PROBLEM REQUIREMENTS: Reproduce each line below precisely. Drop the pictures.

RAW DATA:
==================================================

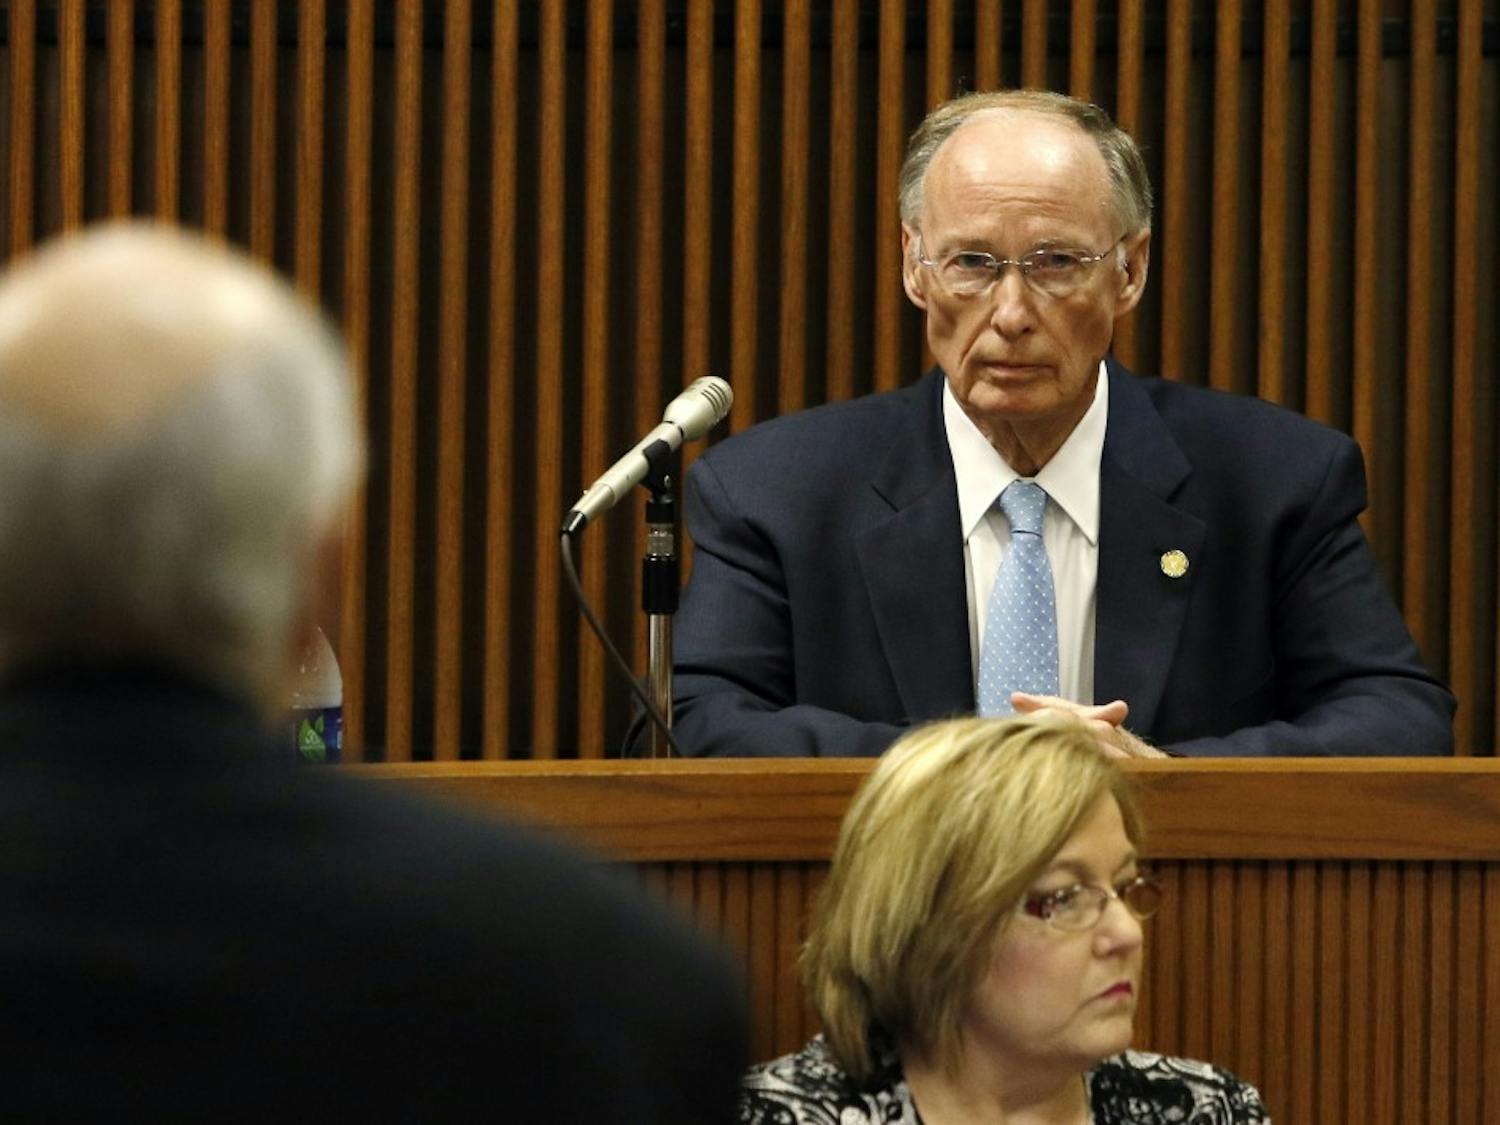 Prosecutor John Gibbs questions Alabama Governor Robert Bentley in the
Alabama Speaker Mike Hubbard trial on Wednesday, June 1, 2016  in Opelika, Ala.
Todd J. Van Emst/Opelika-Auburn News/Pool

==================================================

WRITTEN SOLUTION:
 Prosecutor John Gibbs questions Alabama Governor Robert Bentley in the
Alabama Speaker Mike Hubbard trial on Wednesday, June 1, 2016  in Opelika, Ala.
Todd J. Van Emst/Opelika-Auburn News/Pool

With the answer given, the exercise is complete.